原文地址:https://ysymyth.github.io/The-Second-Half/
tldr: We’re at AI’s halftime.
For decades, AI has largely been about developing new training methods and models. And it worked: from beating world champions at chess and Go, surpassing most humans on the SAT and bar exams, to earning IMO and IOI gold medals.
Behind these milestones in the history book — DeepBlue, AlphaGo, GPT-4, and the o-series — are fundamental innovations in AI methods: search, deep RL, scaling, and reasoning. Things just get better over time.
So what’s suddenly different now?
In three words: RL finally works. More precisely: RL finally generalizes. After several major detours and a culmination of milestones, we’ve landed on a working recipe to solve a wide range of RL tasks using language and reasoning.
Even a year ago, if you told most AI researchers that a single recipe could tackle software engineering, creative writing, IMO-level math, mouse-and-keyboard manipulation, and long-form question answering — they’d laugh at your hallucinations.
Each of these tasks is incredibly difficult and many researchers spend their entire PhDs focused on just one narrow slice.
Yet it happened.
So what comes next? The second half of AI — starting now — will shift focus from solving problems to defining problems. In this new era, evaluation becomes more important than training.
Instead of just asking, “Can we train a model to solve X?”, we’re asking, “What should we be training AI to do, and how do we measure real progress?” To thrive in this second half, we’ll need a timely shift in mindset and skill set, ones perhaps closer to a product manager.
The first half
To make sense of the first half, look at its winners.

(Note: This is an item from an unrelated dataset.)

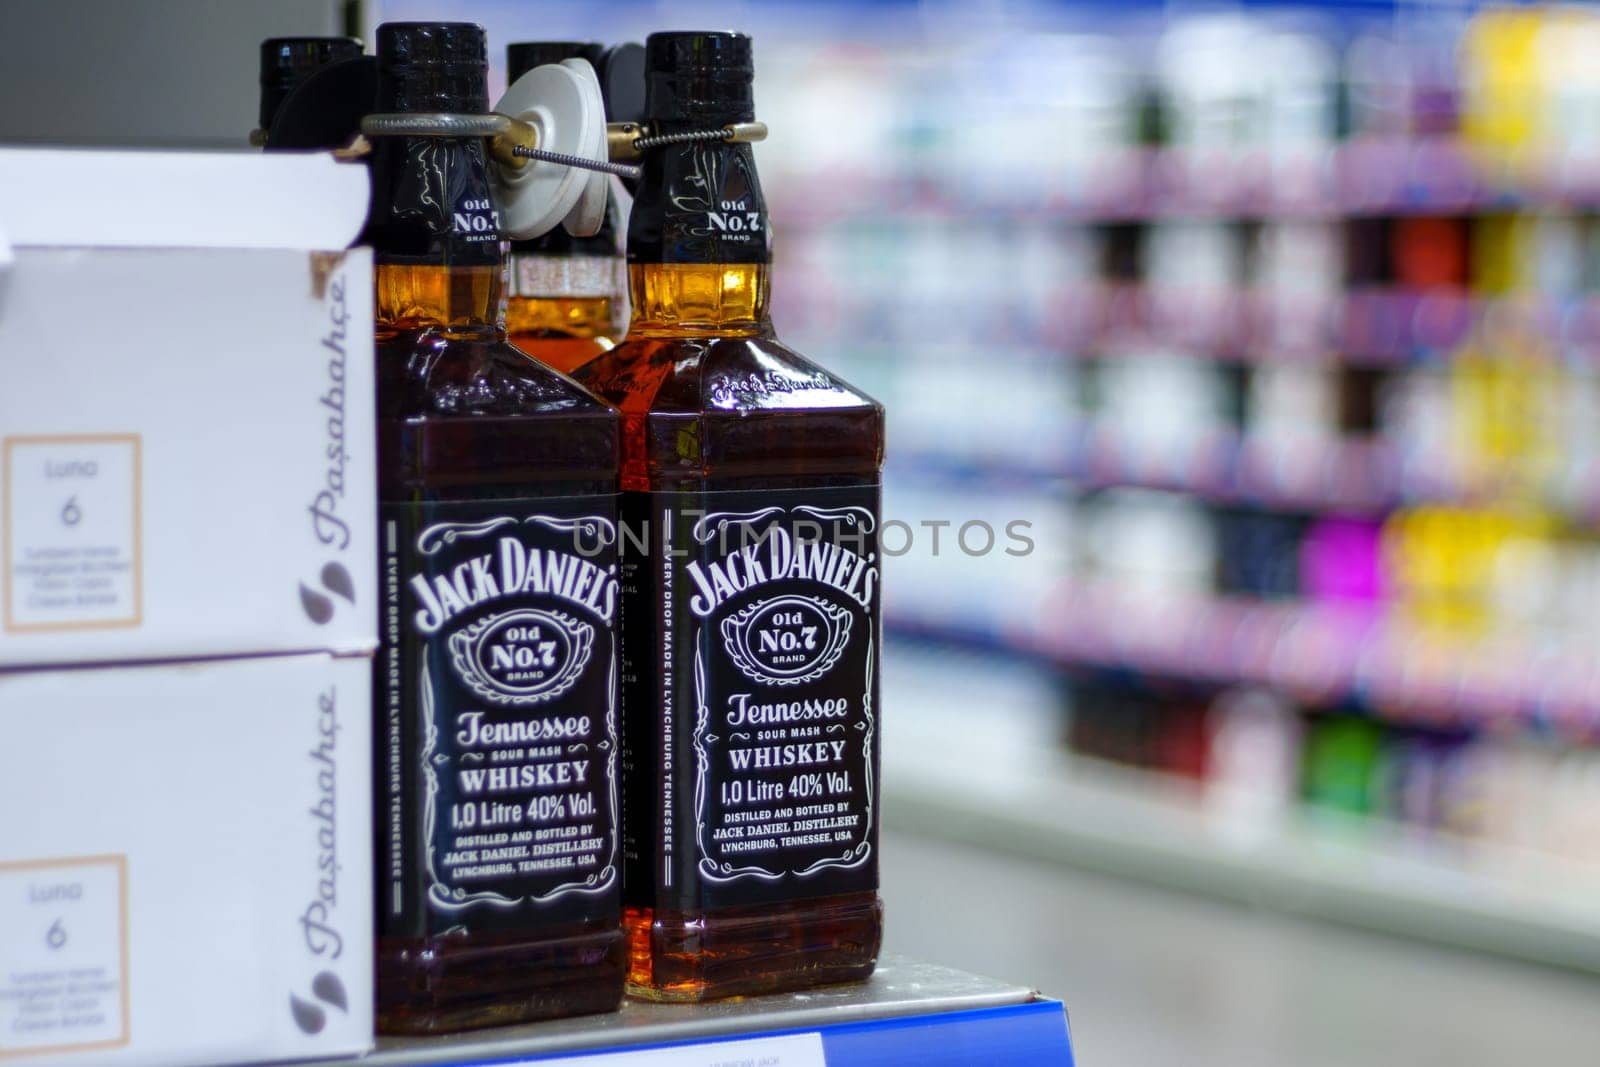 Tyumen, Russia-March 02, 2024: Bottles of Jack Daniels Tennessee Whiskey are showcased prominently on a retail shelf. by darksoul72

What do you consider to be the most impactful AI papers so far?
I tried the quiz in Stanford 224N, and the answers were not surprising: Transformer, AlexNet, GPT-3, etc. What’s common about these papers? They propose some fundamental breakthroughs to train better models.
But also, they managed to publish their papers by showing some (significant) improvements on some benchmarks.
There is a latent commonality though: these “winners” are all training methods or models, not benchmarks or tasks. Even arguably the most impactful benchmark of all, ImageNet, has less than one third of the citation of AlexNet.
The contrast of method vs benchmark is even more drastic anywhere else —- for example, the main benchmark of Transformer is WMT’14, whose workshop report has ~1,300 citations, while Transformer had >160,000.
first_half
That illustrates the game of the first half: focus on building new models and methods, and evaluation and benchmark are secondary (although necessary to make the paper system work).
Why? A big reason is that, in the first half of AI, methods were harder and more exciting than tasks.
Creating a new algorithm or model architecture from scratch – think of breakthroughs like the backpropagation algorithm, convolutional networks (AlexNet), or the Transformer used in GPT-3 – required remarkable insight and engineering.
In contrast, defining tasks for AI often felt more straightforward: we simply took tasks humans already do (like translation, image recognition, or chess) and turned them into benchmarks. Not much insight or even engineering.
Methods also tended to be more general and widely applicable than individual tasks, making them especially valuable.
For example, the Transformer architecture ended up powering progress in CV, NLP, RL, and many other domains – far beyond the single dataset (WMT’14 translation) where it first proved itself.
A great new method can hillclimb many different benchmarks because it’s simple and general, thus the impact tends to go beyond an individual task.
This game has worked for decades and sparked world-changing ideas and breakthroughs, which manifested themselves by ever-increasing benchmark performances in various domains. Why would the game change at all?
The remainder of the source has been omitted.